When the DNS of CNO or VCO records the IP address, it will be bound to a node, which is the master node for VCO CNO. For example, the master node of CNO can be node 1, and the master node of CNO can be node 2. When node 1 fails, the IP address and domain name of CNO will fail over to node 2 for binding. If node 1 is alive, node 2 will die again. Then the IP address and domain name of CNO and VCO will be transferred to node 1 binding, where the binding can be understood as hosting

After talking about the concepts of CNO and VCO, it is relatively easier to understand the concept of clusters.

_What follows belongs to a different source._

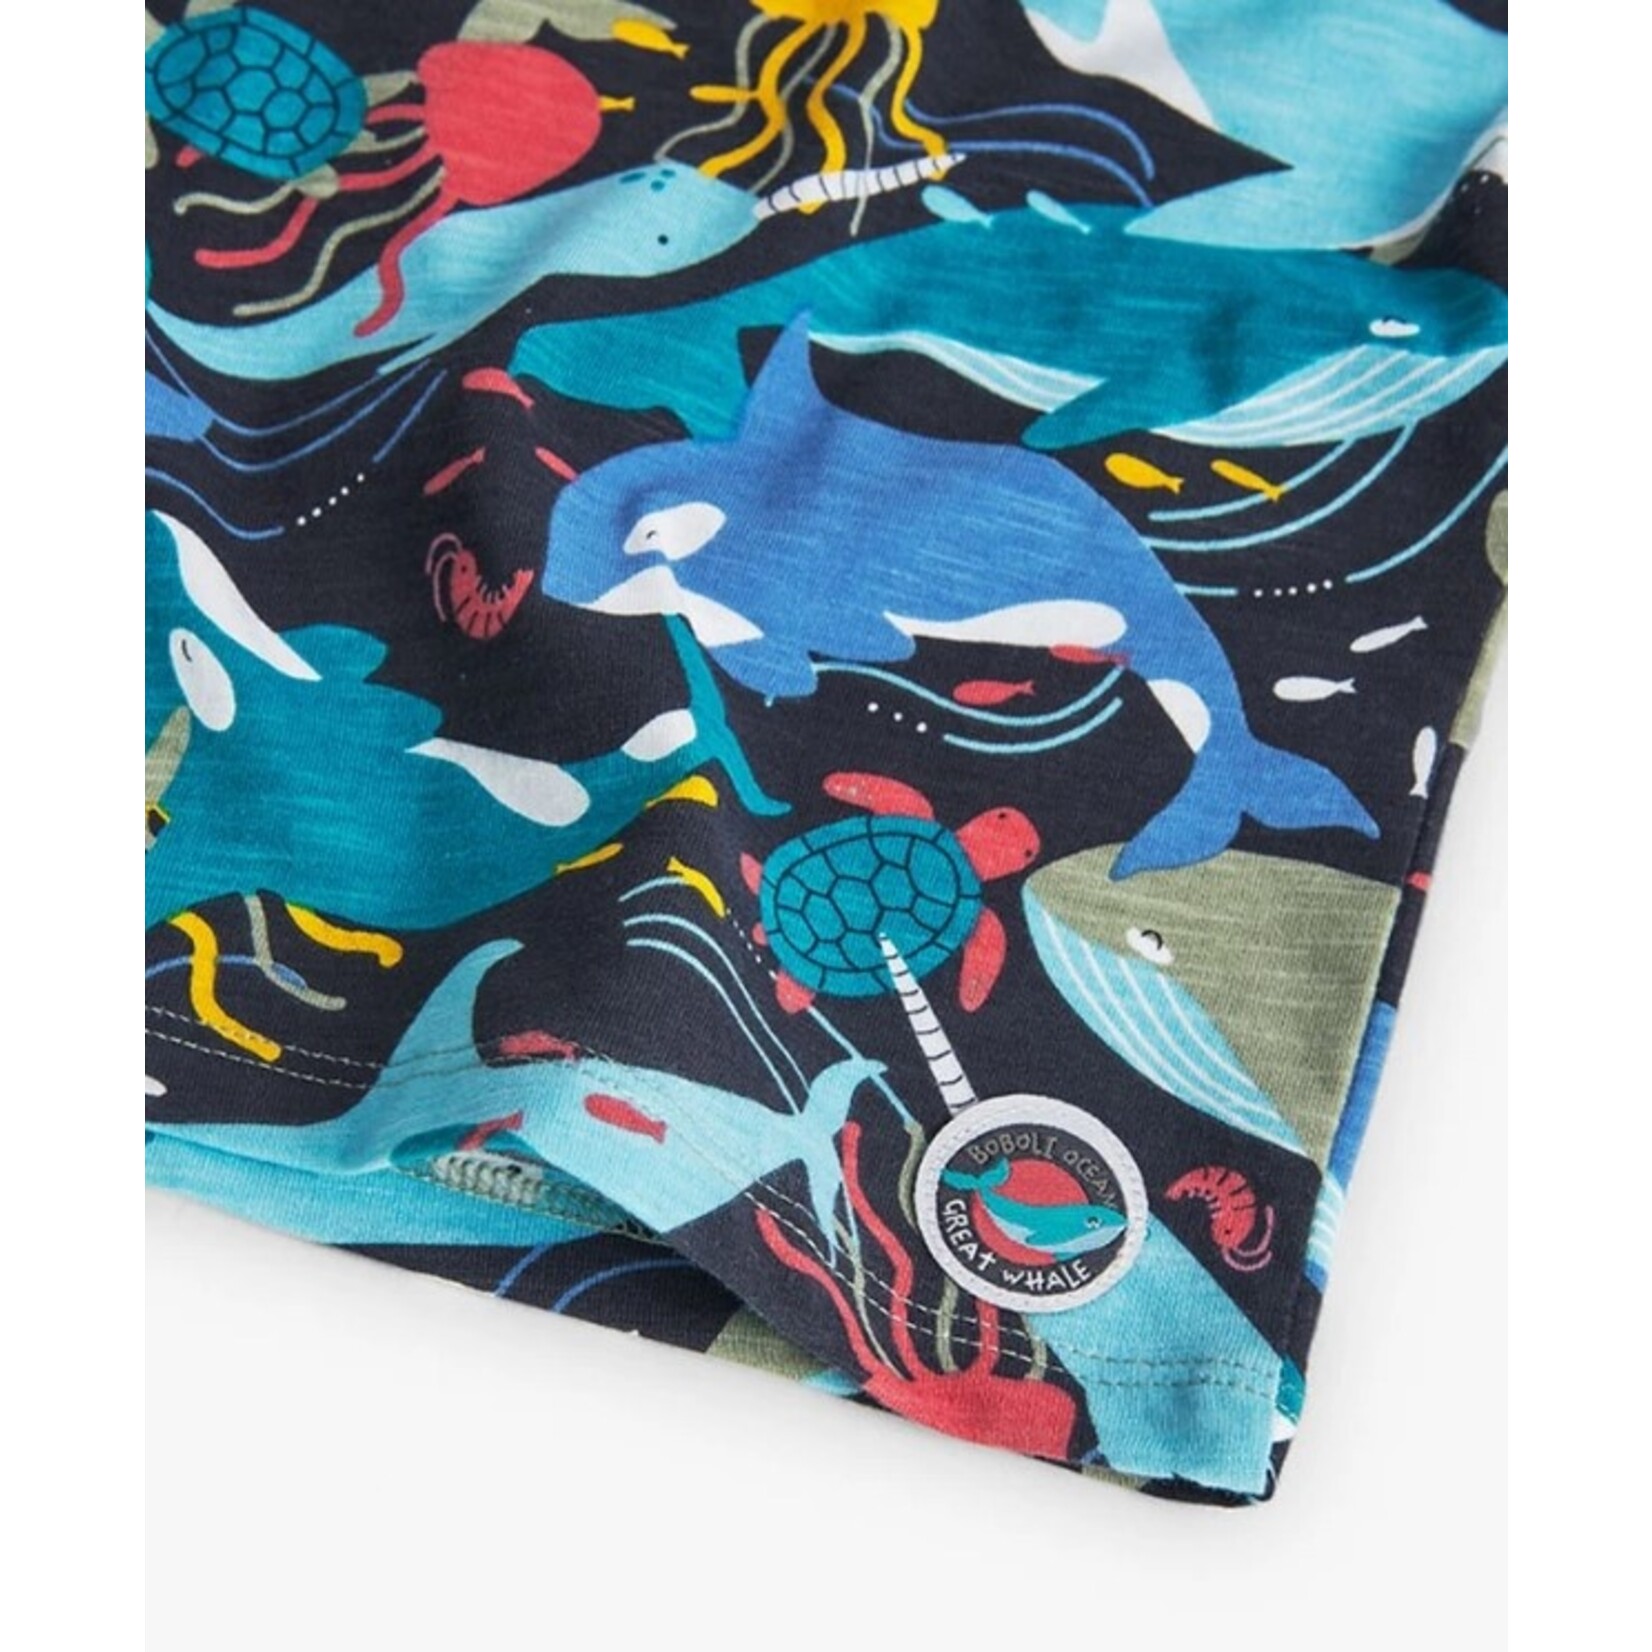 Boboli BOBOLI - T-shirt à manches courtes avec imprimé d'animaux marins mutlcolores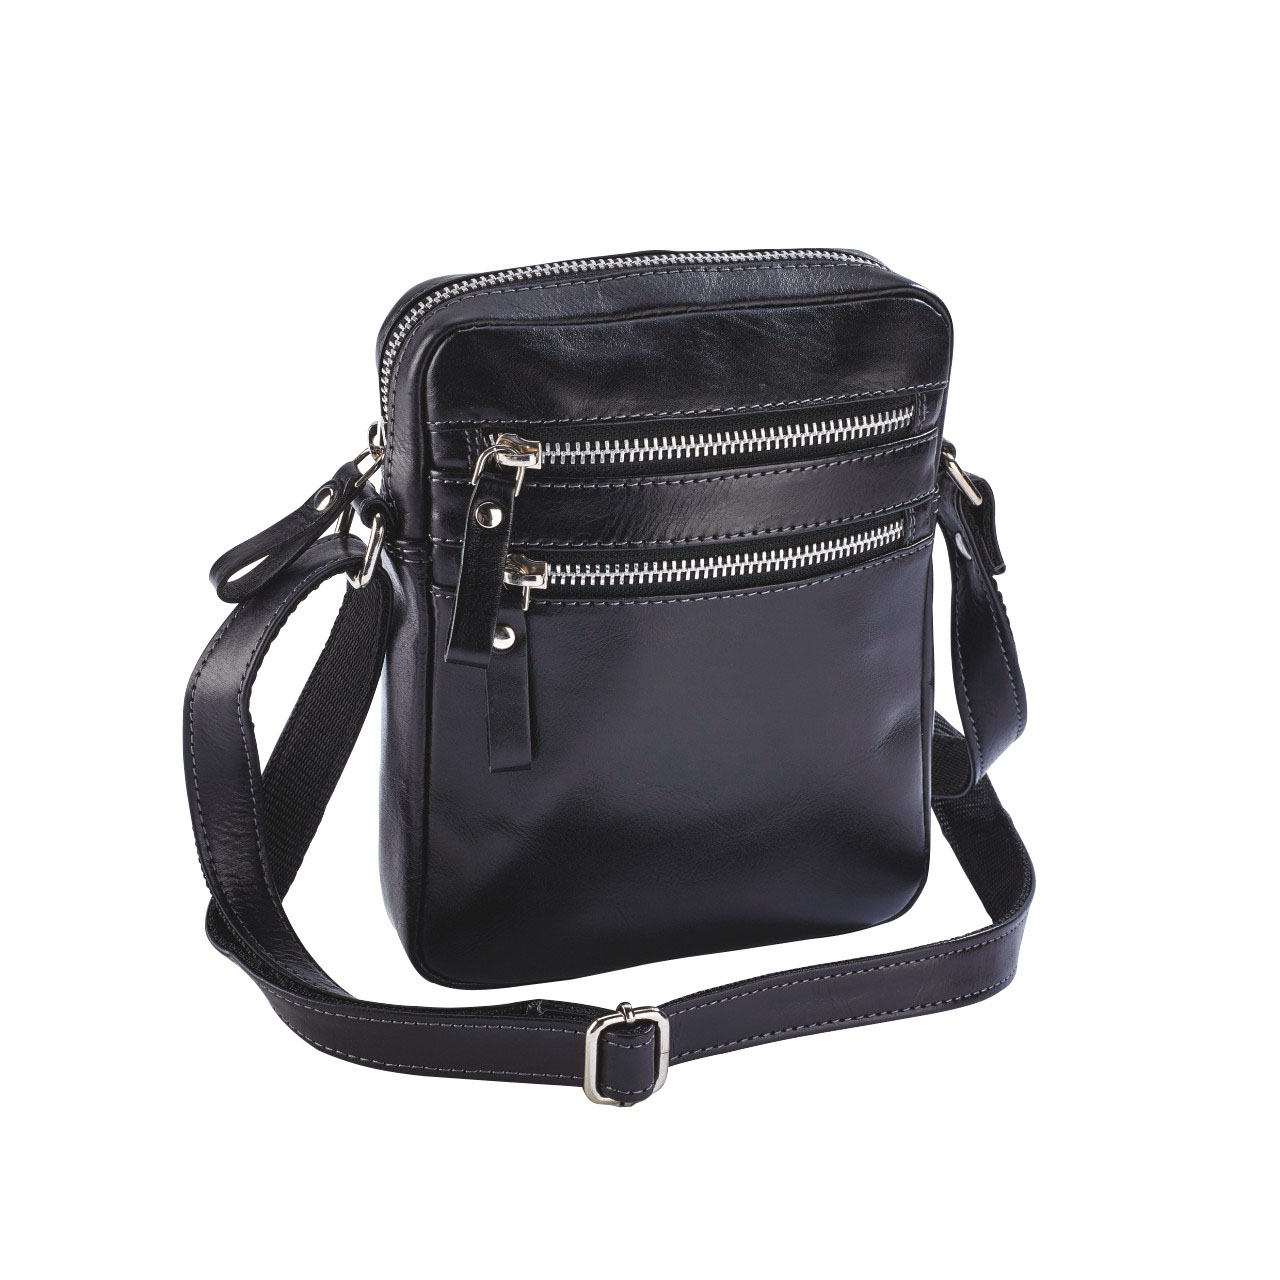 BLACK | Slimline Leather Cross Body Travel Bag | Expert Verdict

Cluster group can be understood as the minimum failover unit of the cluster. In the 2003 era, after we created the cluster, we can directly see the working status of the cluster group. That is, I said above that the cluster in the 2003 era is more convenient for everyone to understand the working status of the cluster. In the 2003 era, after we have created a cluster, there will be a cluster group with cluster IP address, cluster name, and cluster witness disk. This is the most basic and important information needed by the cluster. If these things are alive, the cluster can provide services to the outside world. This concept continues until 2016. After the creation of the cluster, there will be a cluster group behind the default cluster, also known as the cluster core resource, which can be understood as the parent of other cluster roles. All cluster applications can only be established because they have been set up by the cluster core resource group. when we open the cluster management console, we can see that there is a master server, the core resource group is on that machine, and that machine is the cluster master server.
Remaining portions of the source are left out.